Work item: Copy out exactly the stretch below, from the line with "Chalice: Air Craft Cable" through the line with "Shrine of Sri", both included; the pictures stay out.

Supplied records:

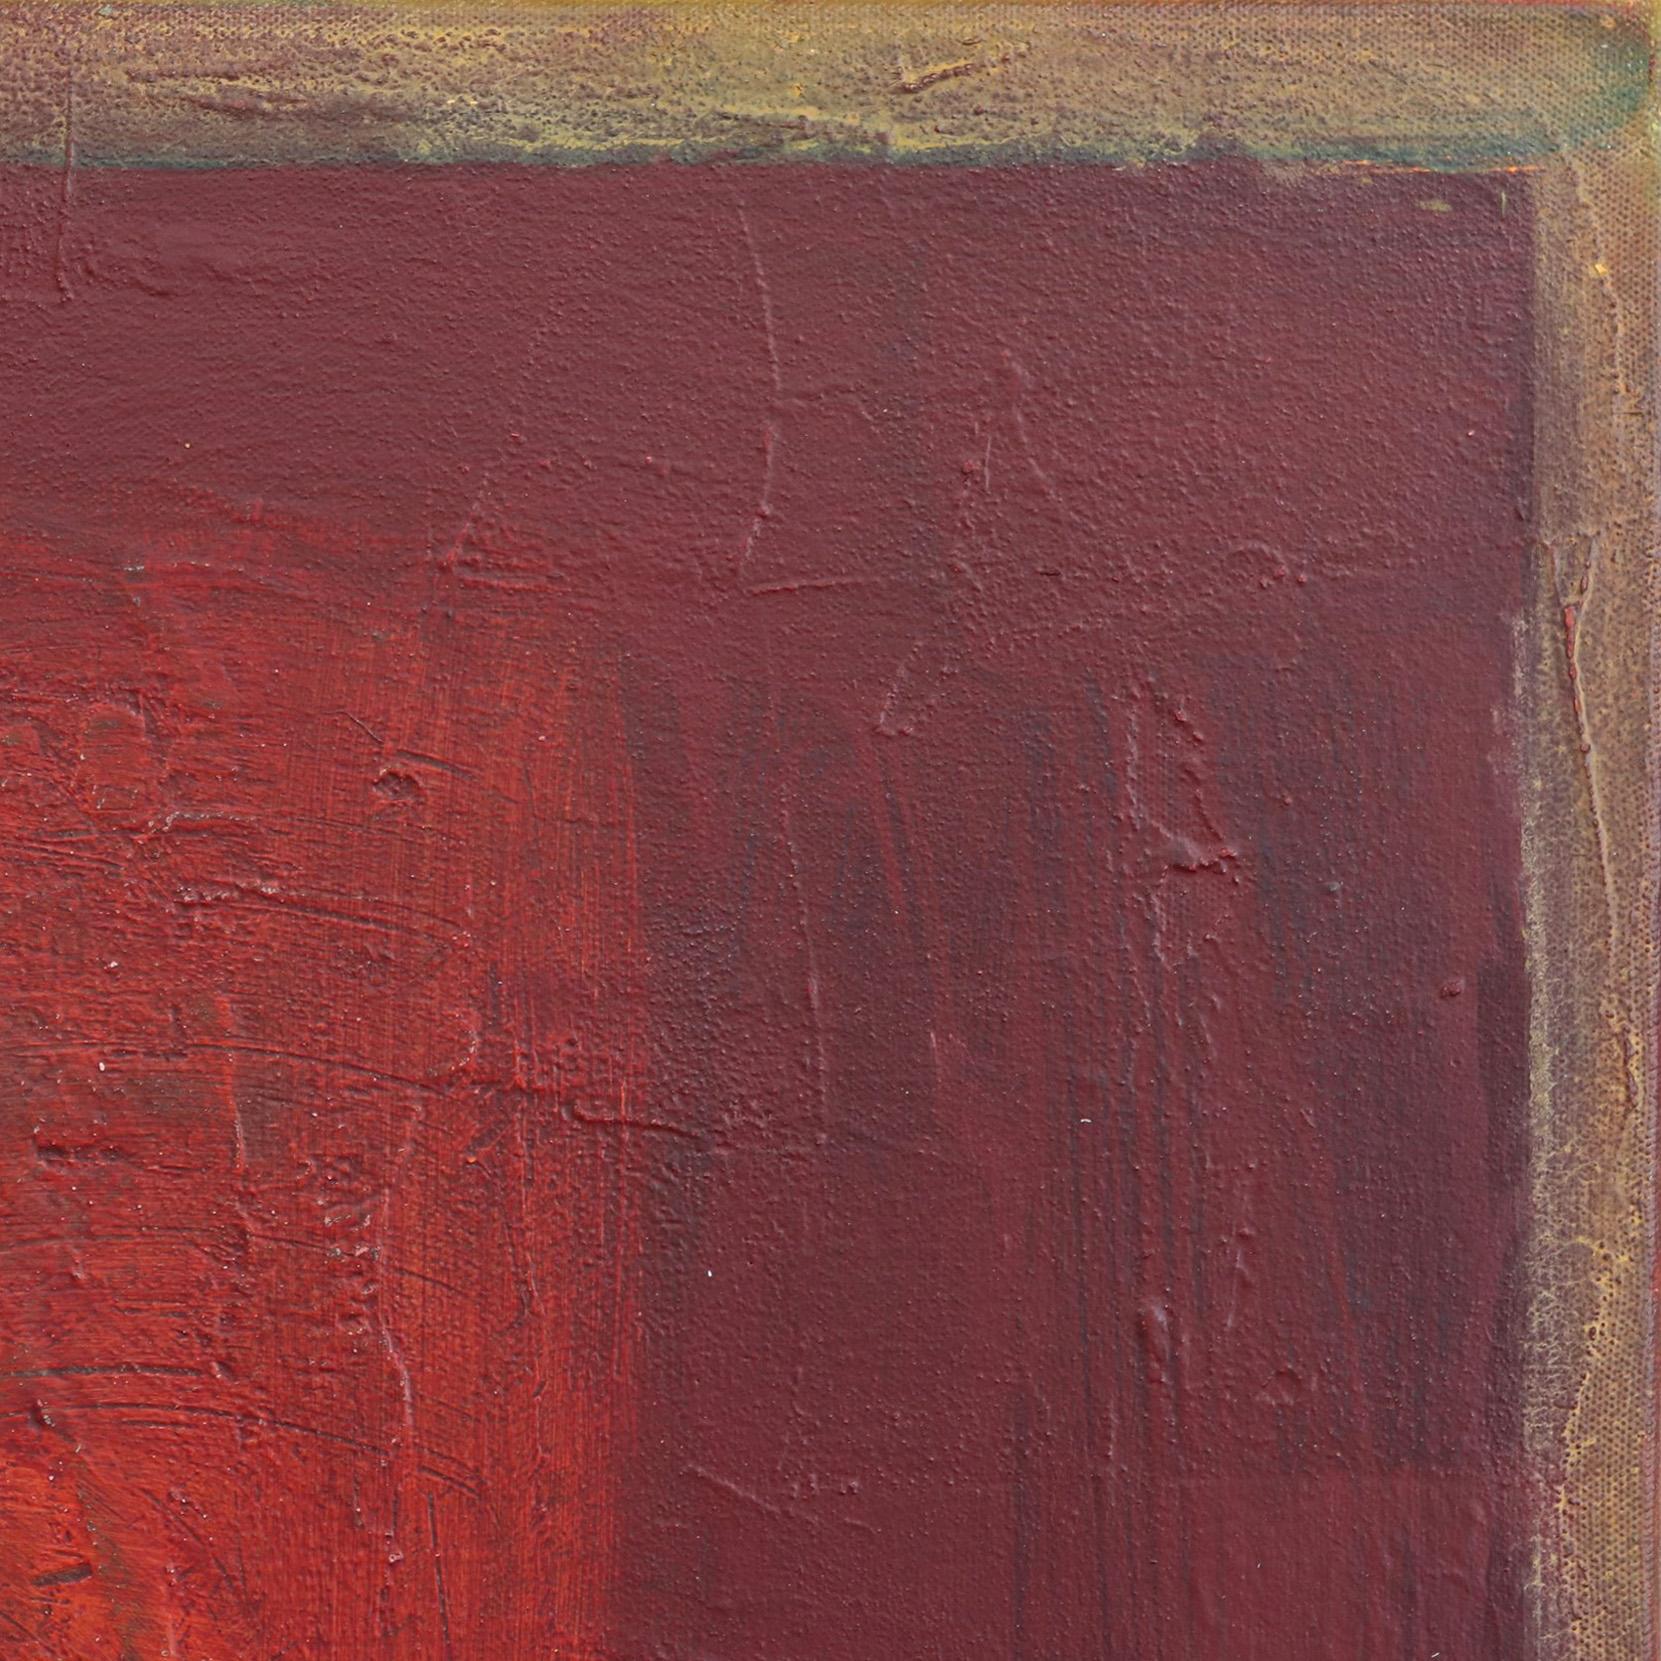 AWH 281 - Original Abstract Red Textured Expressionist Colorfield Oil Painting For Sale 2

...

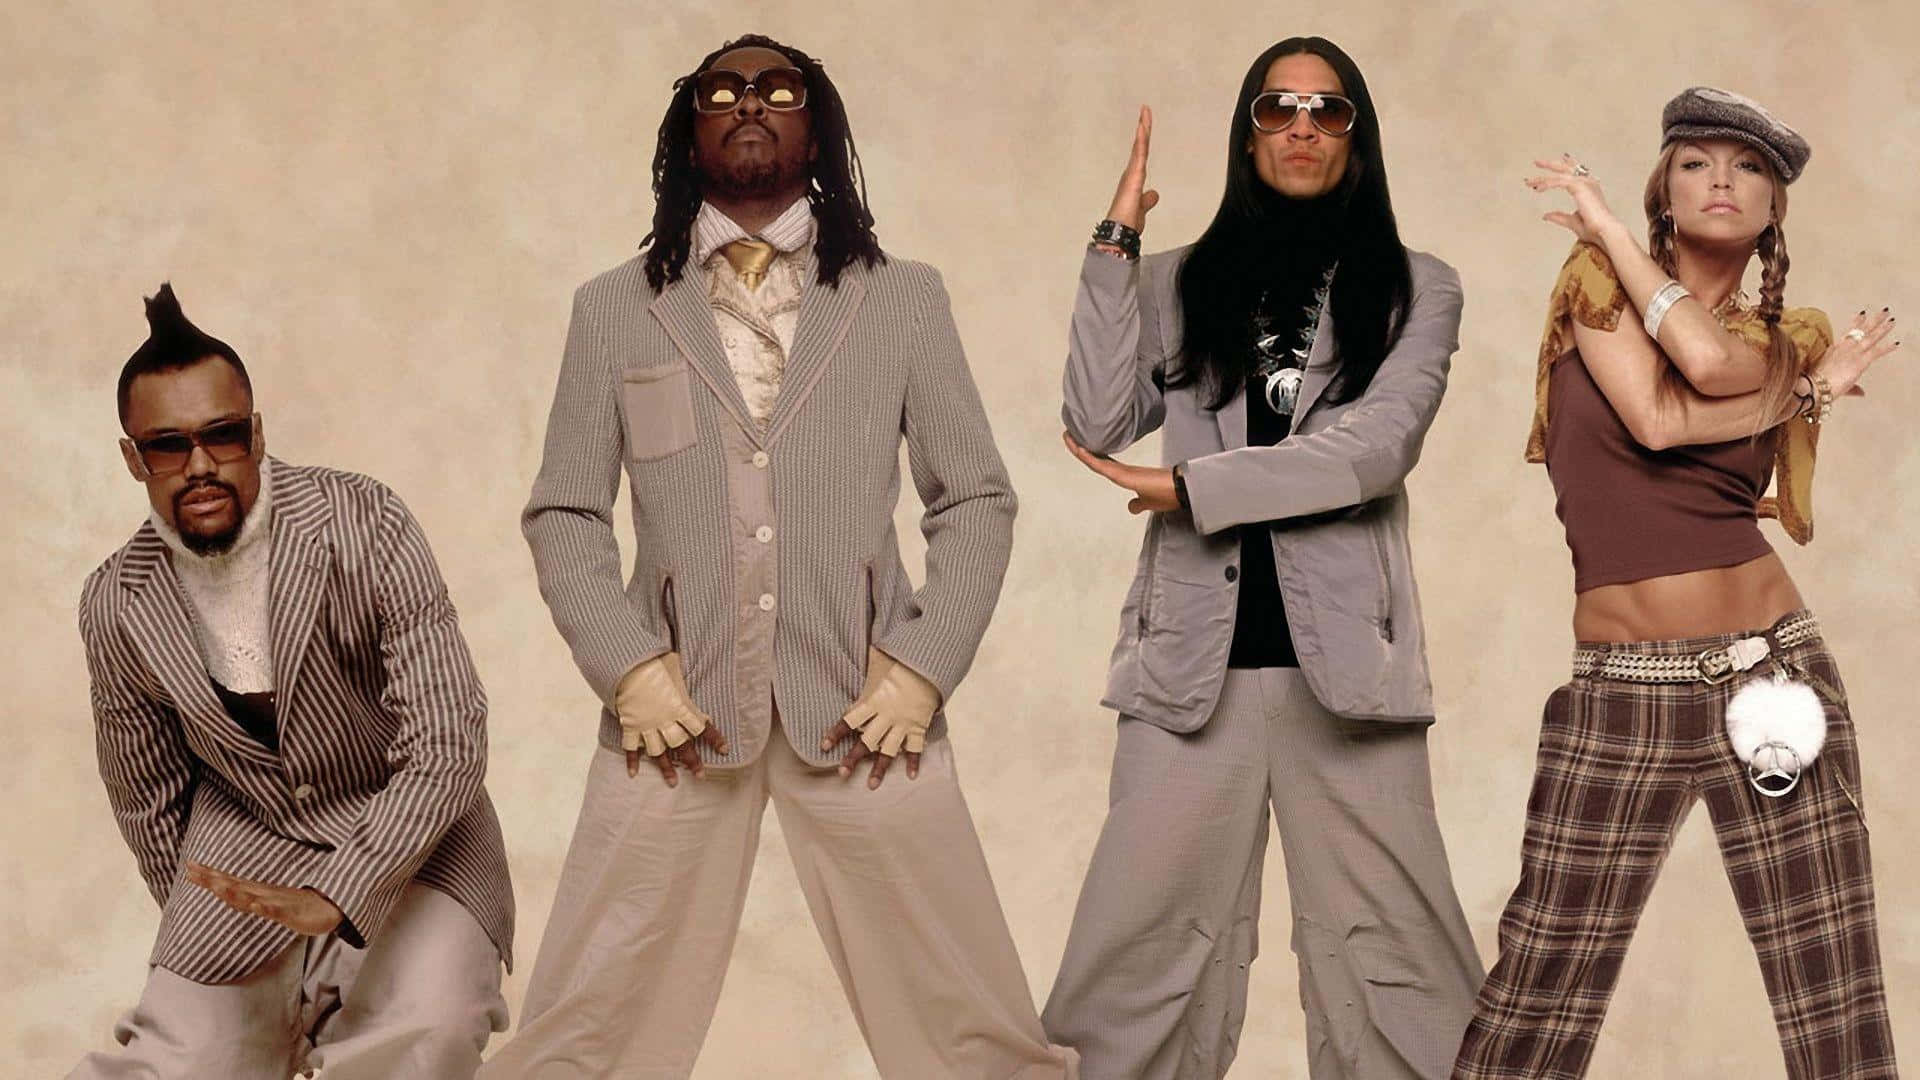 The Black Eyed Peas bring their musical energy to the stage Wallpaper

--

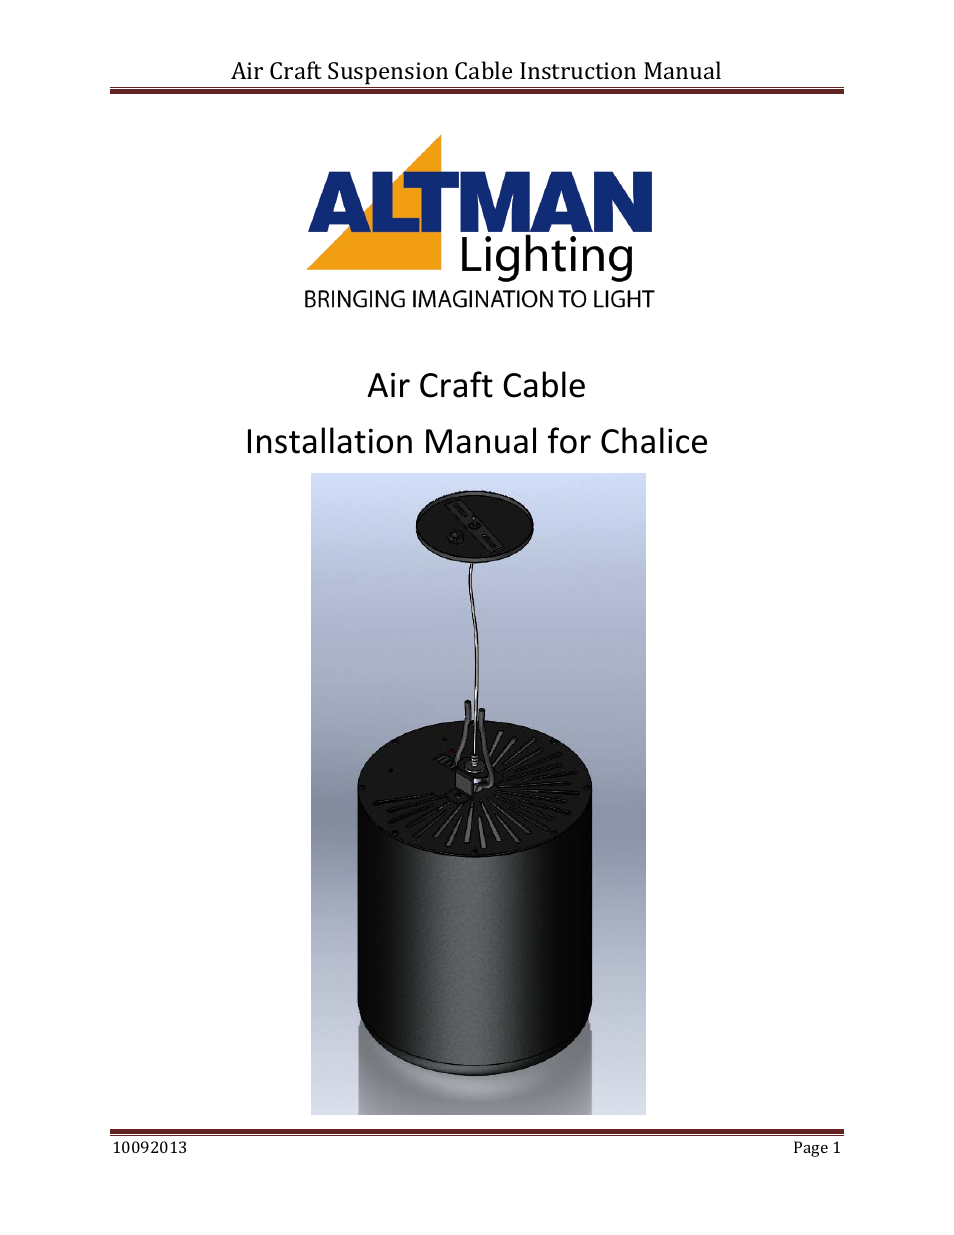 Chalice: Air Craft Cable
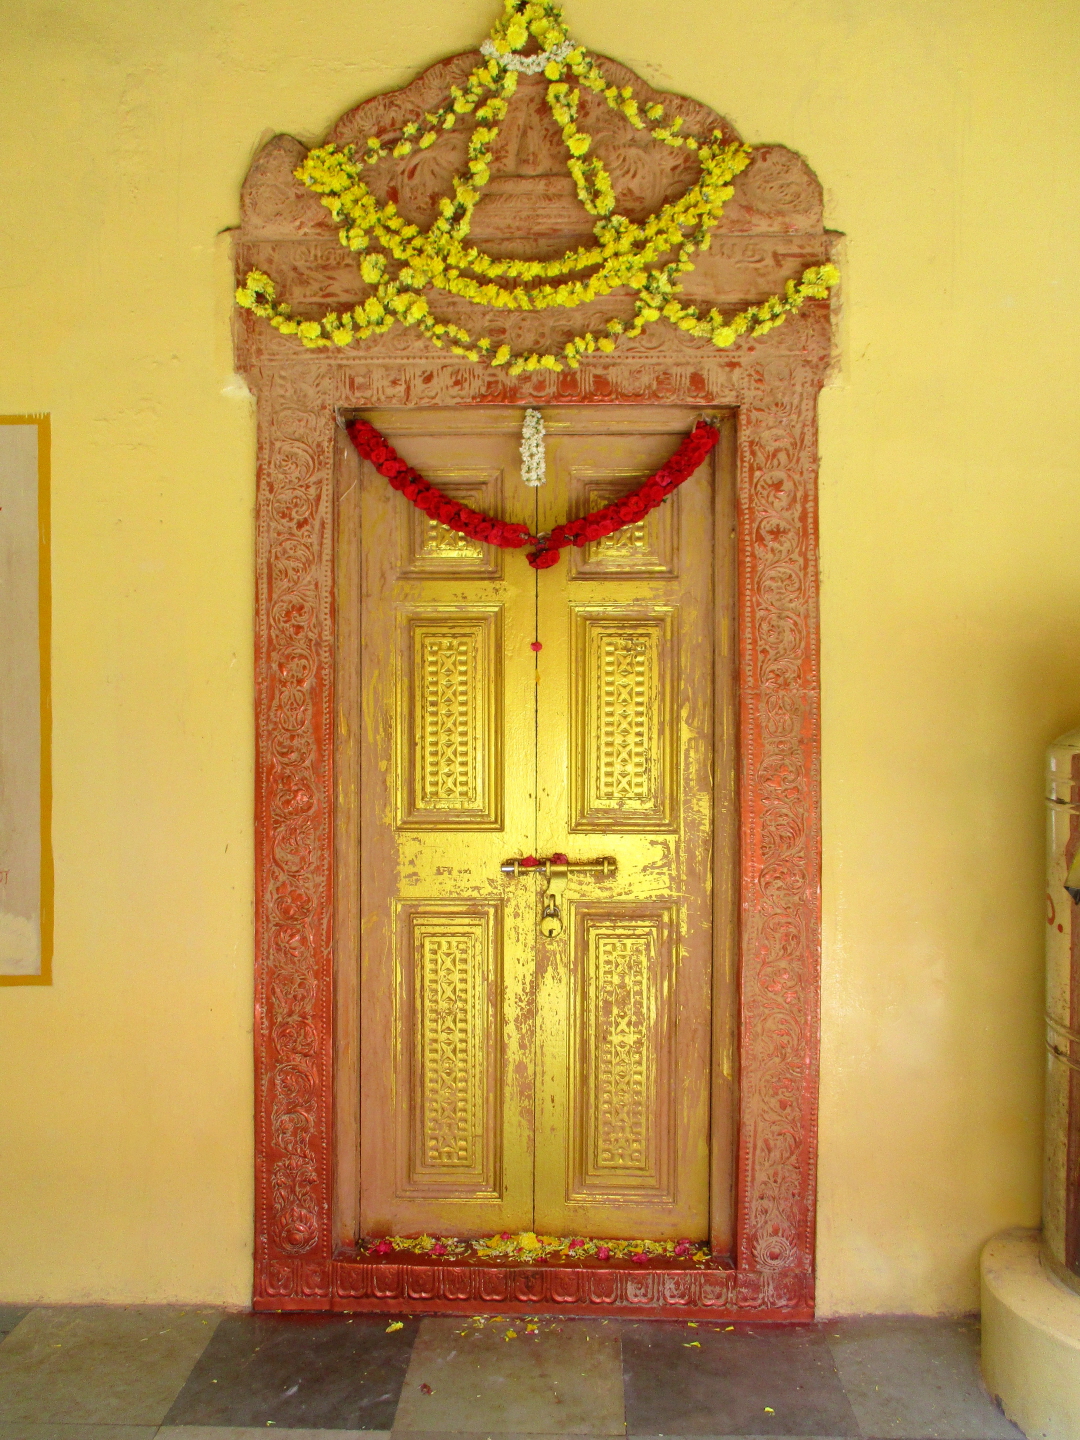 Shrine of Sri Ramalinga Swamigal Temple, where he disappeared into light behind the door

Solution below:
 Chalice: Air Craft Cable
 Shrine of Sri Ramalinga Swamigal Temple, where he disappeared into light behind the door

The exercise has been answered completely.